Ivan Santos

Discussões sociais, políticas e econômicas

Ivan Santos A coluna é assinada pelo jornalista Ivan Santos e discute o processo político, econômico e social. Ela é publicada diariamente no jornal CORREIO de Uberlândia.

4/03/2012 0:05

No muro das lamentações

Jornalista

Confronto esperado por lidadores nacionais de política, entre partidários do PT e do PMDB no governo chefiado pela presidente Dilma, já começou a deixar os bastidores e aparece no planalto e nas planícies. Vários parlamentares federais do PMDB mostram-se insatisfeitos com a relação que mantêm com o Governo. Isto porque sentem que poderão perder fatias da influência que têm no Planalto. Perder para o PT, se o PMDB conquista menos prefeitos em outubro do que o Partido da Presidenta. Por causa disto, nesta semana, 45 deputados do PMDB assinaram um manifesto no qual protestam contra a hegemonia petista no Governo. No texto do manifesto, que deverá ser entregue à senhora presidenta Dilma e ao vice-presidente Temer – presidente licenciado do Partido – os parlamentares reclamam do “tratamento desigual e injusto” que recebem no Governo. Os insatisfeitos, que até hoje reclamaram em particular atrás dos biombos do Palácio do Planalto e nos corredores das duas Casas do Congresso, decidiram ir de corpo inteiro ao muro das lamentações, dispostos a desfiar quem manda e não pede. O protesto tem por fim alertar à presidenta que, em política, u’a mão lava a outra e as duas lavam o rosto. Nenhum político aceita andar por ruas, becos, avenidas ou veredas com a cara suja e as mãos vazias. Apoio tem preço.

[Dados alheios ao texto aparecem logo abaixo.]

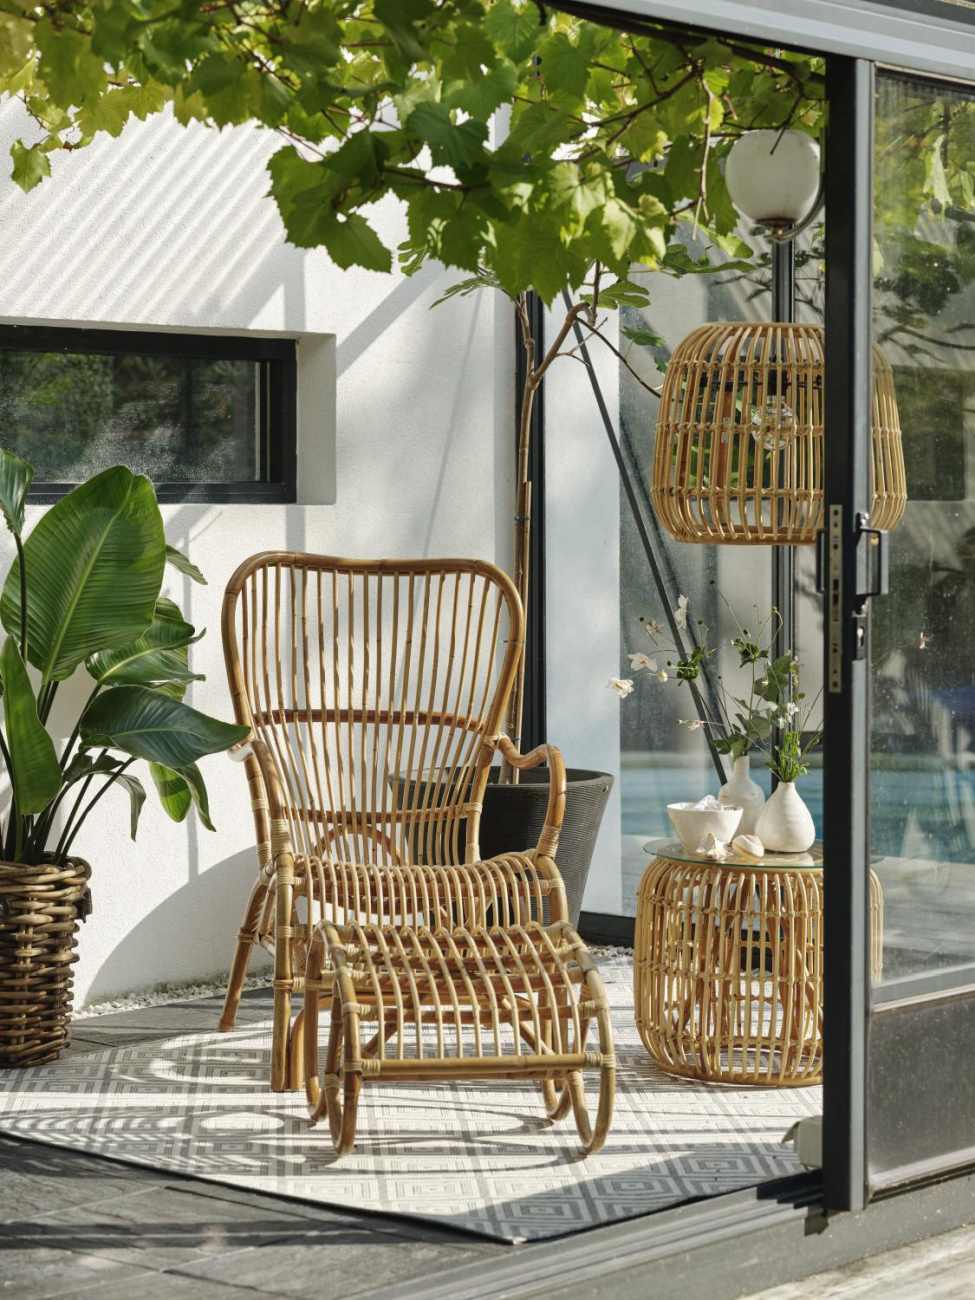 Der Gartensessel Vallda überzeugt mit seinem modernen Design. Gefertigt wurde er aus Rattan, welches einen natürlichen Farbton besitzt. Die Sitzhöhe des Sessels beträgt 42 cm.

Alguns se animam a lembrar do que aconteceu com Jânio Quadros e com o “Caçador de Marajás”, Fernando Collor, que ficaram isolados no Cerradão. O PT e o PMDB podem ter que enfrentar novo bu-bu-bu no bo-bo-bó. Será?

Poder de líder

O PT, como partido líder de uma coligação que conquistou o poder político, sente-se dono do pedaço, senhor da razão com direito a dar as cartas no jogo e determinar as regras de convivência. Na prática, o temor dos insatisfeitos do PMDB é ceder terreno ao PT nas próximas eleições e, por isto, perder importância no Condomínio do Planalto.

Trucada

Não sem motivo, os insatisfeitos do PMDB proclamam no manifesto: “Nós estamos vivendo numa encruzilhada onde o PT se prepara com ampla estrutura governamental para tirar do PMDB o protagonismo municipalista e assumir seu lugar como o maior partido com base municipal no País”. Isto explica a questão ao vivo e a cores.

Brilho do sol

As relações entre deputados do PMDB parecem agitadas como briga de casal. Nada que a presidente Dilma, que tem poder para nomear, demitir e liberar recursos do Orçamento da República, não possa contornar. Para acalmar as feras bastará desaquecer a liberação dos recursos das emendas parlamentares. Essa mágica fará o sol brilhar com amenidade.